# age limit



## lilacbunnykins (Mar 15, 2005)

Does anyone know if there is an age limit for adoption?we were thinking of fostering for a few yrs then going onto adoption,but we would be 43 by then and didnt know if this would be to old...


----------



## DennyS (Apr 19, 2005)

Hi there

The limit for adoption was 45, but I read that this has been changed and there is no age limit as such, but most local authorities like there to be no more than 45 years between the age of the child and their adoptive paterns.  Have a look at the goverment website, it is very good, and is www.baaf.org.uk.

Good luck.


----------



## KarenM (Jul 30, 2002)

Hi

Here's the official line from BAAF (British Association of Adoption and Fostering) www.baaf.org.uk

* Adopters must be 21 years of age or over. Although there is no upper age limit, many agencies would not usually expect there to be more than about a 45 year age gap between the child and their adoptive parents. However, any age gap will be considered in the context of the needs of the individual child. *

Hope this helps

Good luck
Karen x


----------



## superal (May 27, 2005)

Hi Lilacbunnykins

I'm glad you asked this question as all though we have adopted two I would love a third, greedy I know, I have one of each & love them to bits, I just feel if I had been able to conceive we would have had 3, does that make sense?

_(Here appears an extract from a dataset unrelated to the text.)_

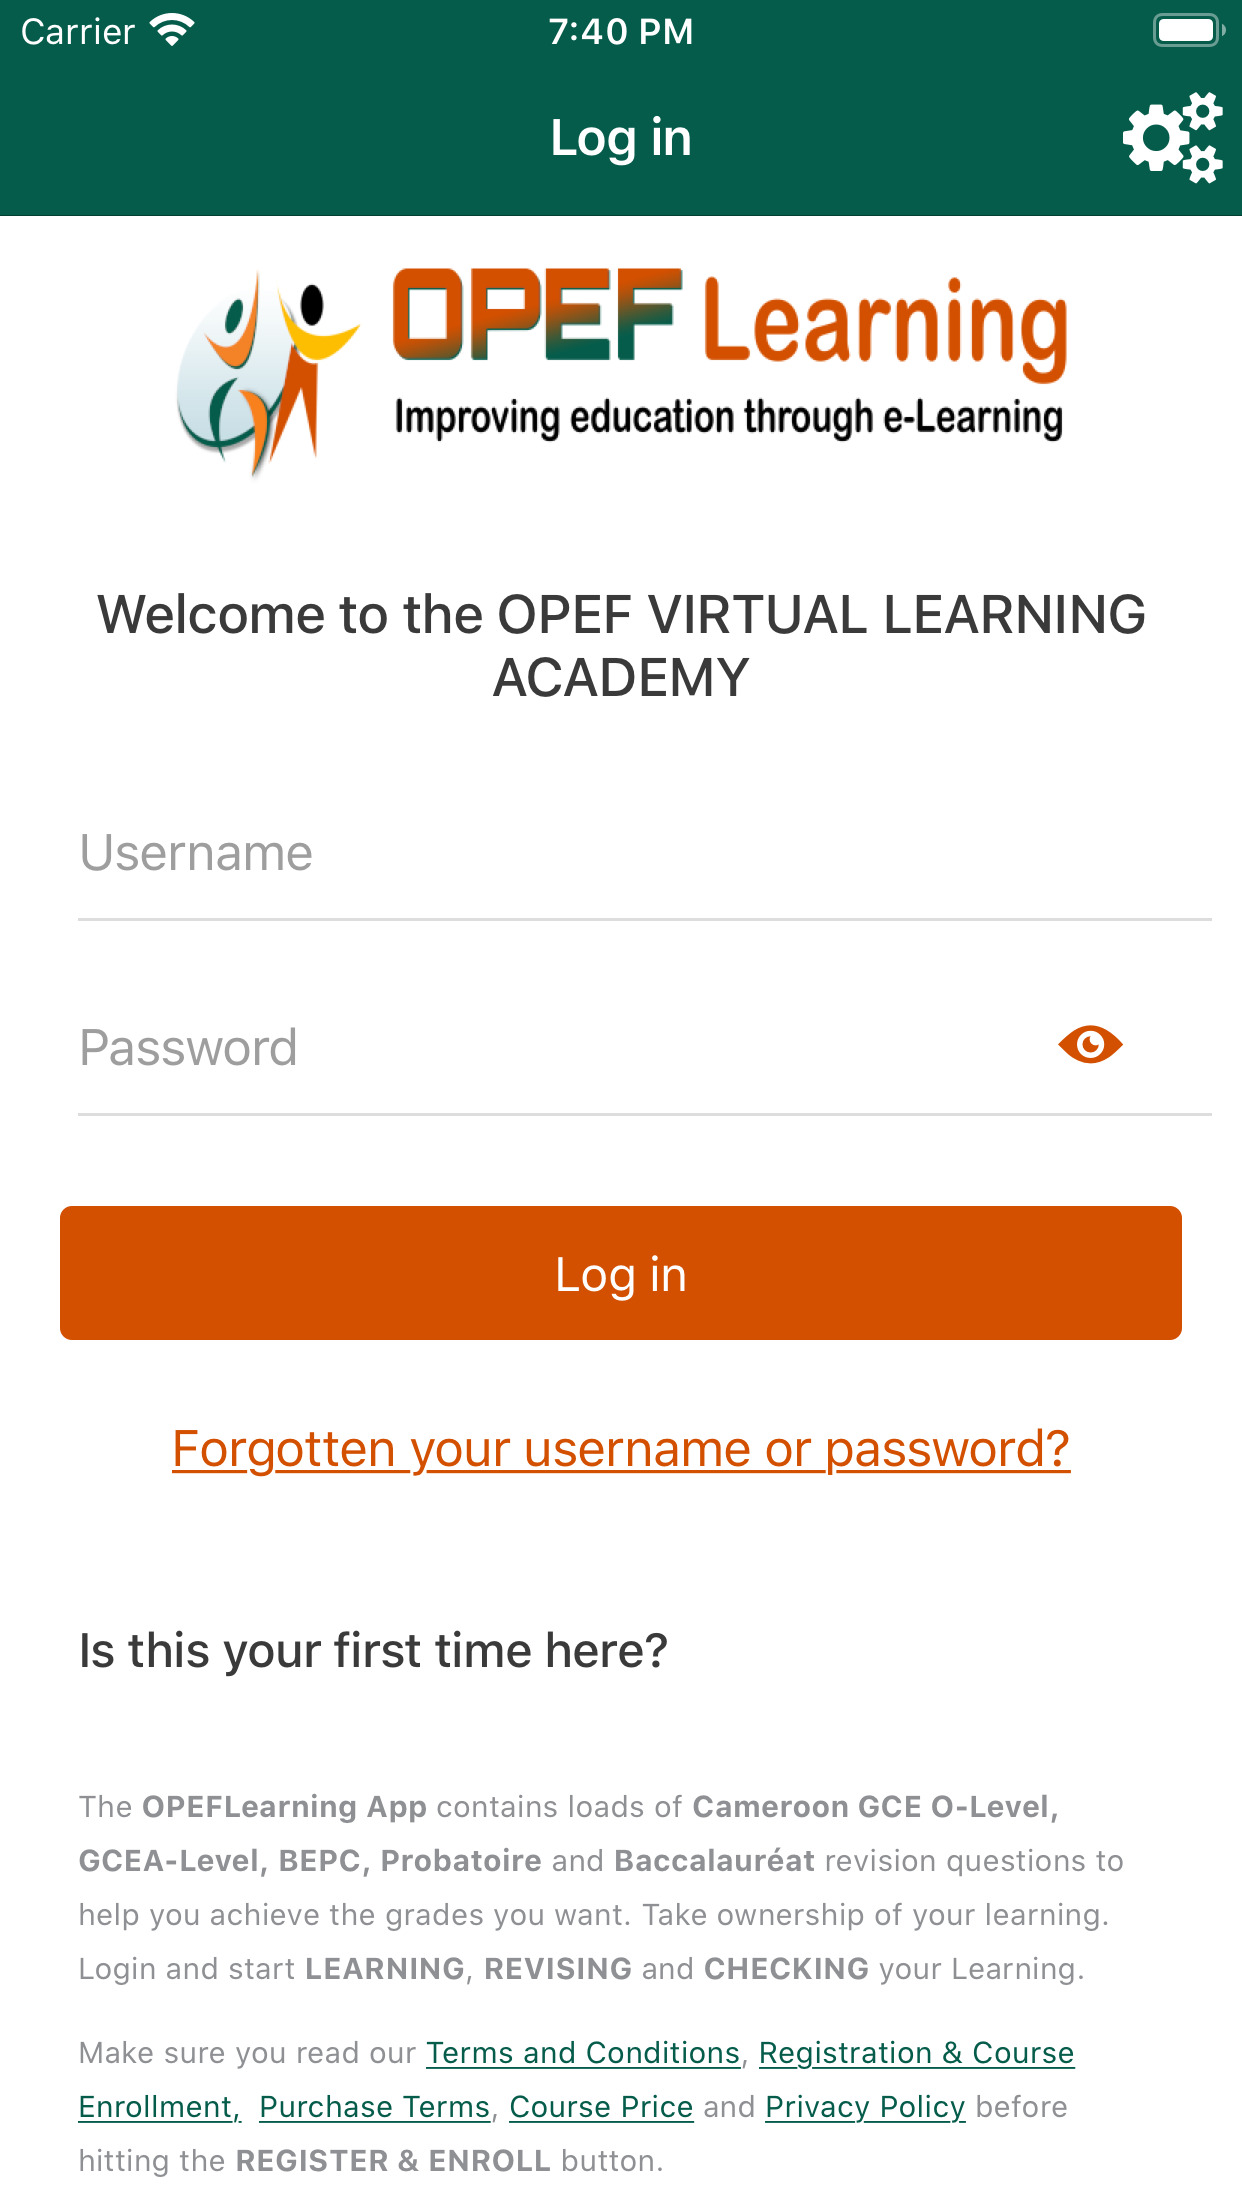 Project image for OPEF Learning

We are 38 & 39 & I would dearly love to adopt again I just thought I was getting to old, so thankyou for asking this question & getting replies to it,

I've just got to convince DH this is for all of us not just me!

Superal


----------



## lilacbunnykins (Mar 15, 2005)

ahh ty for yr replies i will look into this...


----------



## Mummyof2 (Jul 31, 2003)

Hi, I am 45 and have been accepted for child age range 18 months to 3 years old with no problems.  My friend is 49 and has been accepted as well but for older children - 6-10 age range.  Depends what age group you have in mind I suspect.

All the best


----------



## cindyp (Apr 7, 2003)

Hi, my DH and I are almost 43 and we've been told we could go for another one if we want.  I think a lot will depend on what age you want and the type of adopters that your LA/Agency already have on their books.  

A word of warning though, you really don't have the same energy levels when you're older and a young toddler can take it out of you (and I'm speaking from experience).  Emotionally we want a second but are deliberating if we have the physical energy to manage it.   

If you're planning to foster that would probably give you a good idea of what you can manage.

Good luck
Cindy


----------